» Exercise directions:
Leaving out the pictures, write out exactly each line from the line with "Pioneer Tools Wagon" through the close of the listing below.
#### The data ####
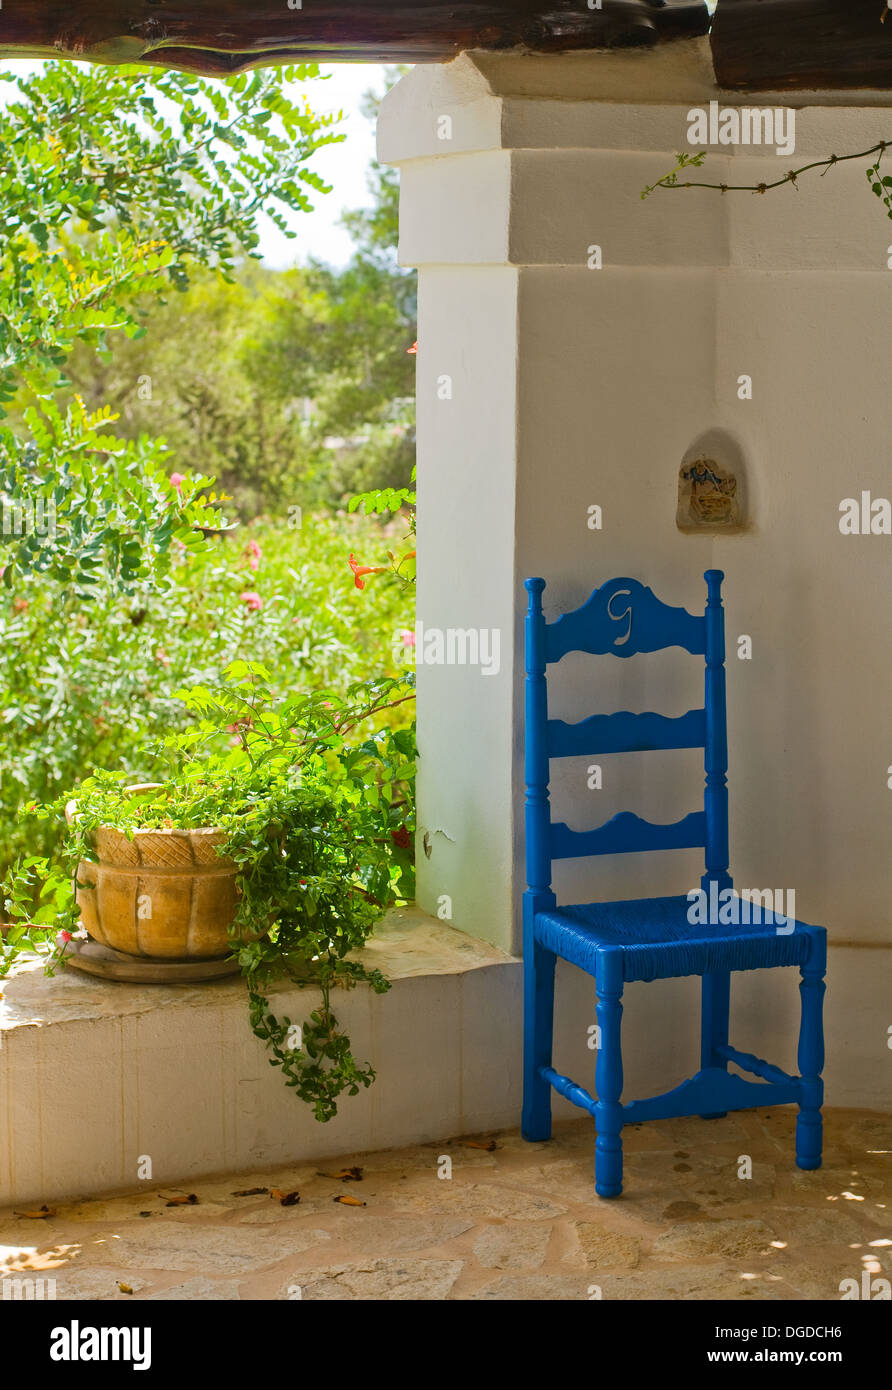 Antique Blue Wooden and Wicker Chair in a Porch and Sunlit Garden Stock Photo
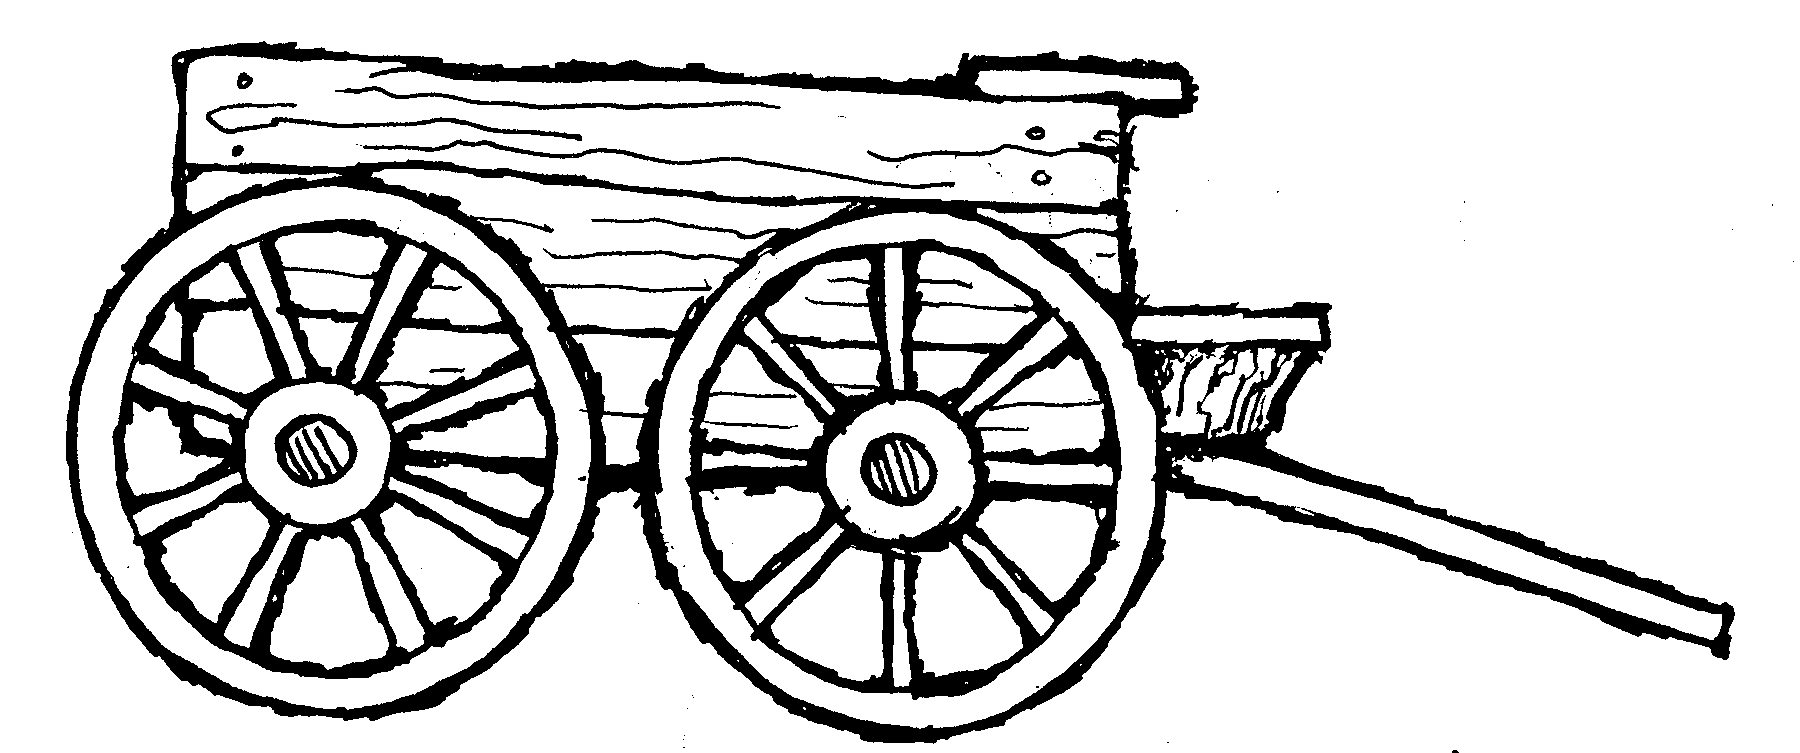 Pioneer Tools Wagon | LDS Clipart and Handouts from JennySmith.
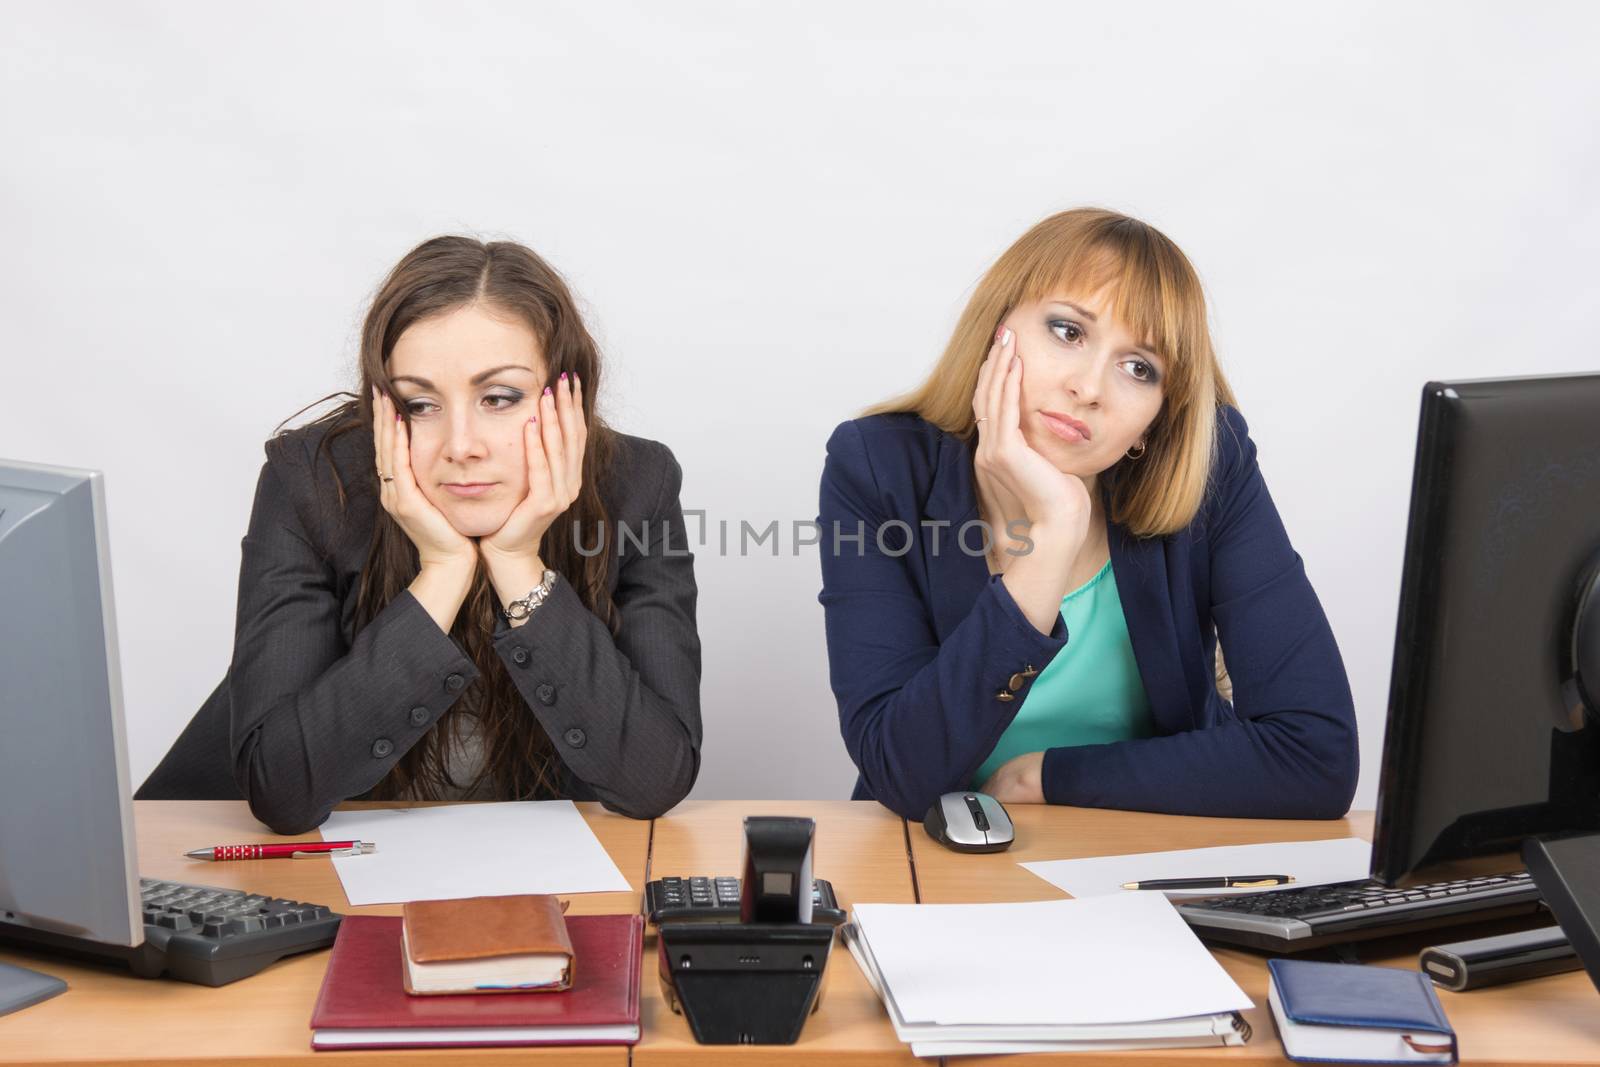  Two young office worker tired of sitting in front of computers
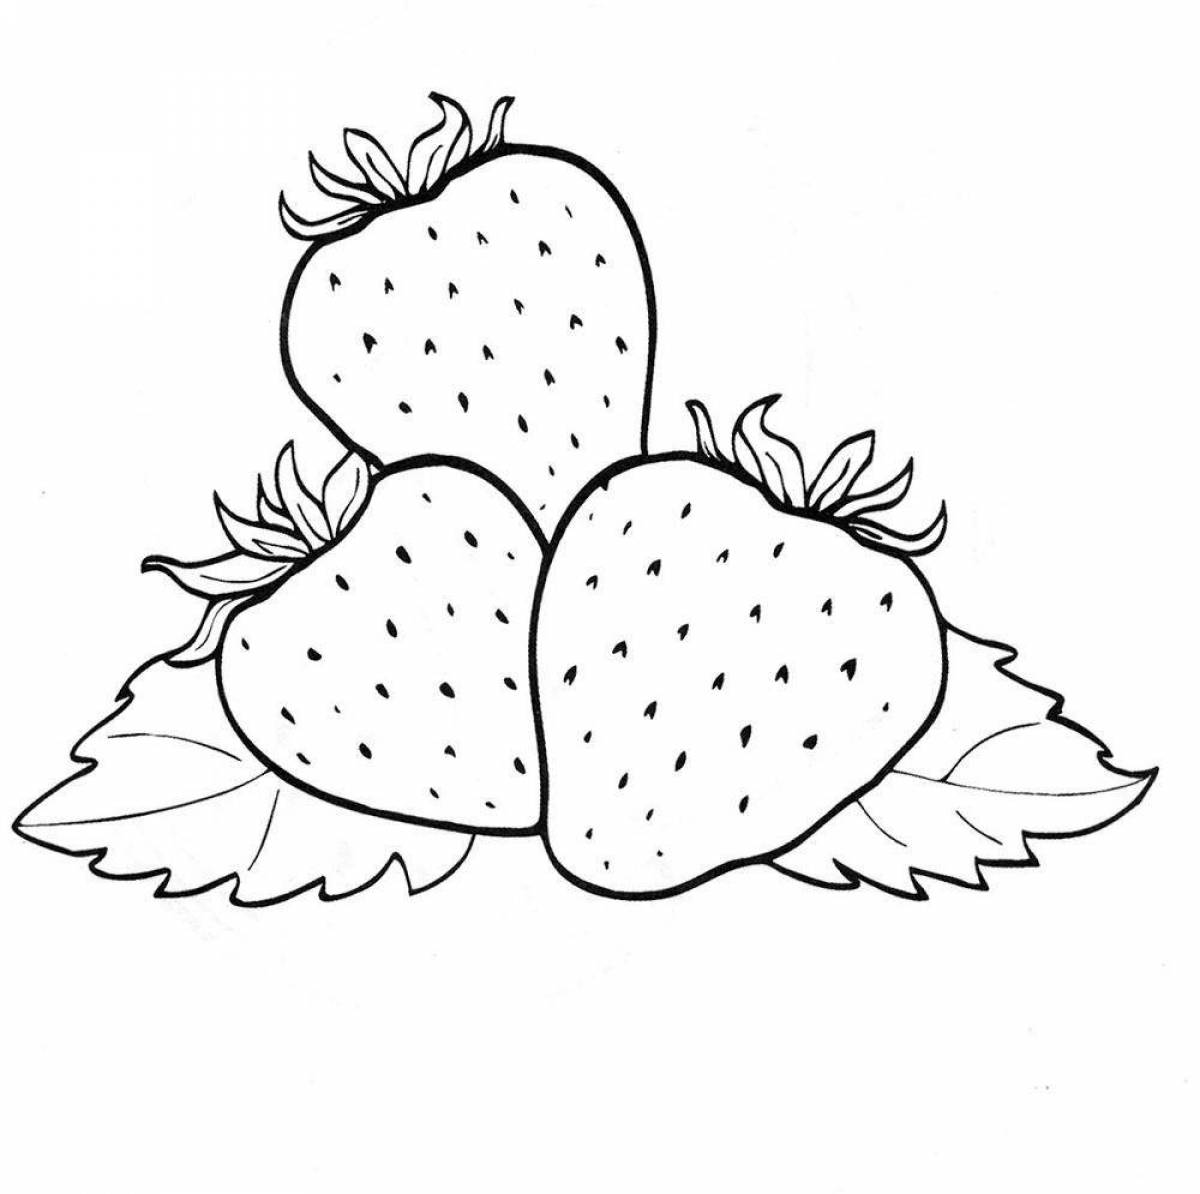 Fabulous strawberry coloring pages for 3-4 year olds
####
» Result of this task:
 Pioneer Tools Wagon | LDS Clipart and Handouts from JennySmith.
  Two young office worker tired of sitting in front of computers
 Fabulous strawberry coloring pages for 3-4 year olds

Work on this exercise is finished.